Claudia Schvartz narra y hace versos simultáneamente, sus libros se me hacen cantarines de historias que son de ella. Sus libros son todos distintos y todos, me parece, de frases breves. Pero la historia o el tiempo siguen en ellos, pausados o saltimbanquis, porque es la única forma de seguir. Y la obra sigue, acepta, sabe, porque “es siempre insuficiente lo tardío” -como allí leo.

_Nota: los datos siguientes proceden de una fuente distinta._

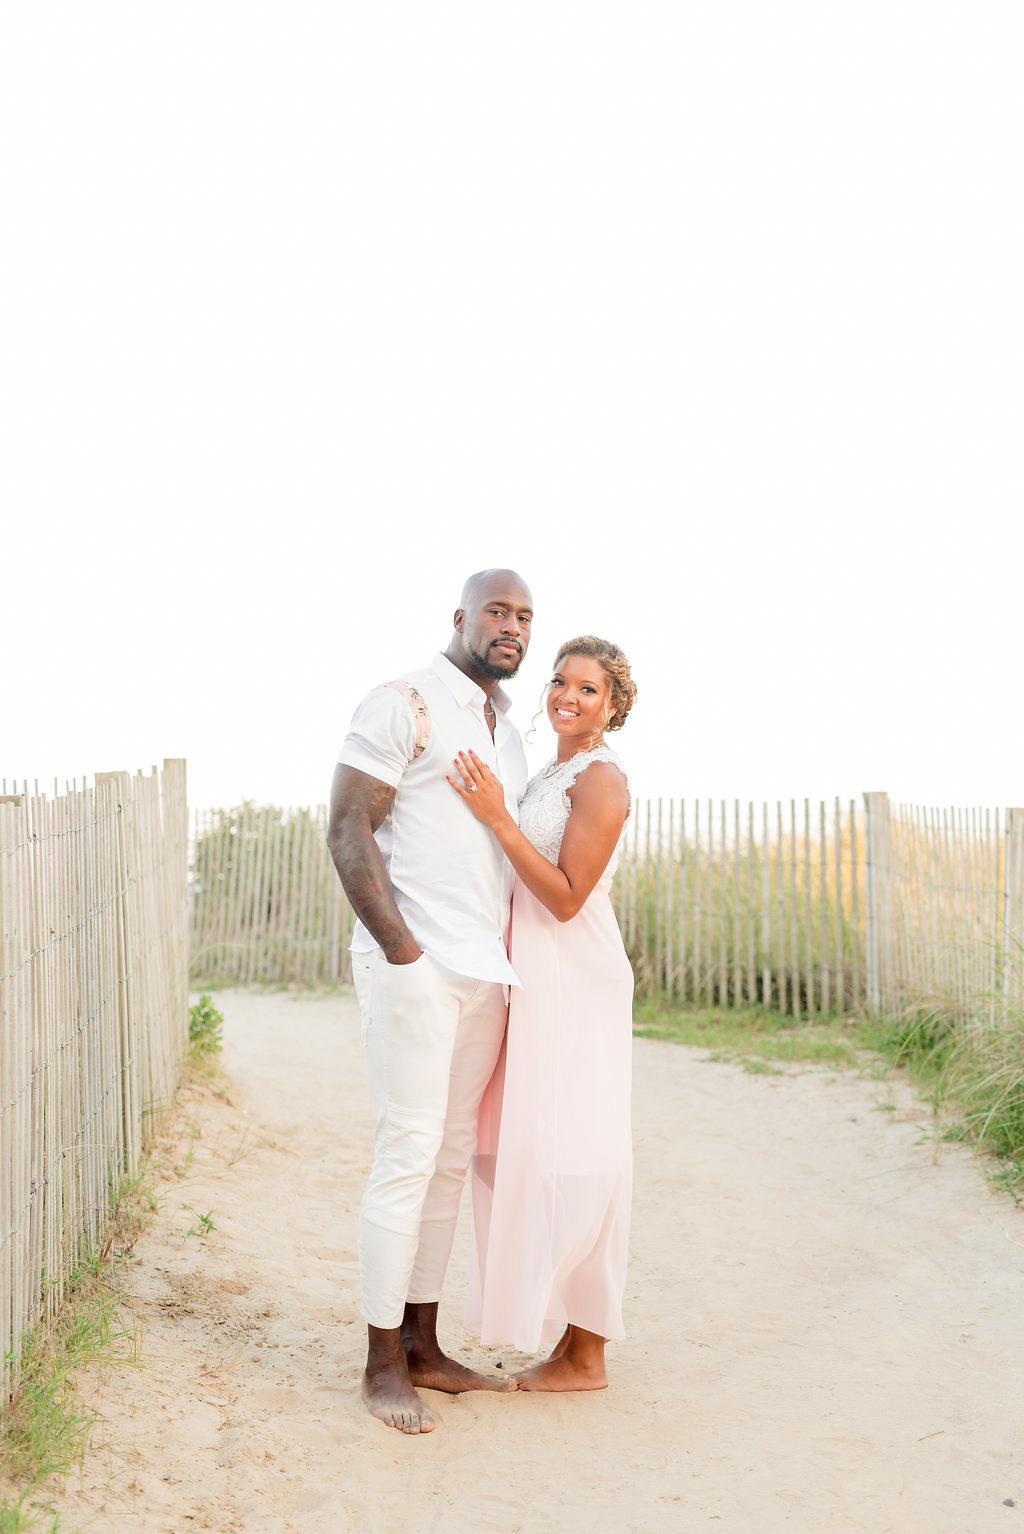 couple posing on sand path
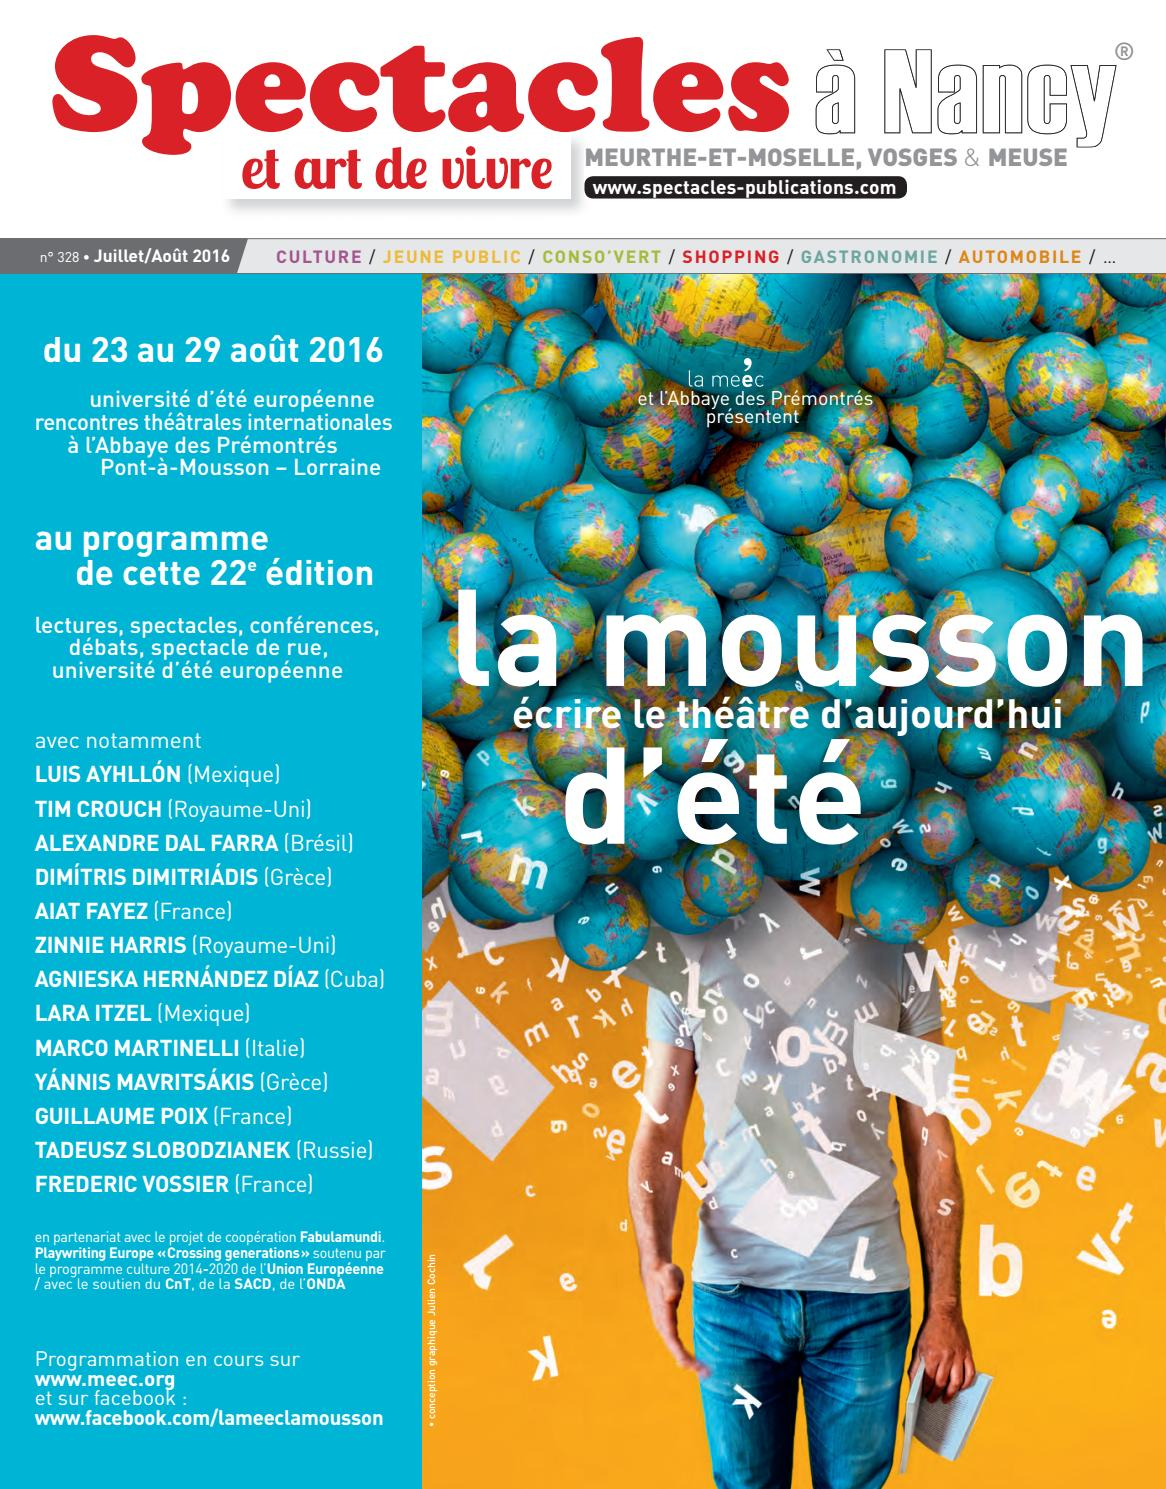 Spectacles Publications Nancy n°328   Juillet-Août 2016 by SPECTACLES  PUBLICATIONS - issuu 432f9e88281

Claudia Schvartz también mira y anota en Una parte de la verdad, mira y anota el tiempo lento de las flores, de algunos lugares viejos, de lenguas familiares o no tanto. Claudia ha leído autores y ellos parecen andar en sus relatos, a algunas inglesas trae directa, aunque para Bianchedi, su personaje, ella dice: “aunque él no tiene compañeros. Todos son sus superiores”. Es el personaje del primer relato y me recuerda una forma de los terribles y pobres tipos de Gógol. Claudia puede rodear esos cuerpos y decirlos para que nosotros los tengamos reales, son todos “artistas del hambre” -como los llamo con Kafka. Seres solitarios.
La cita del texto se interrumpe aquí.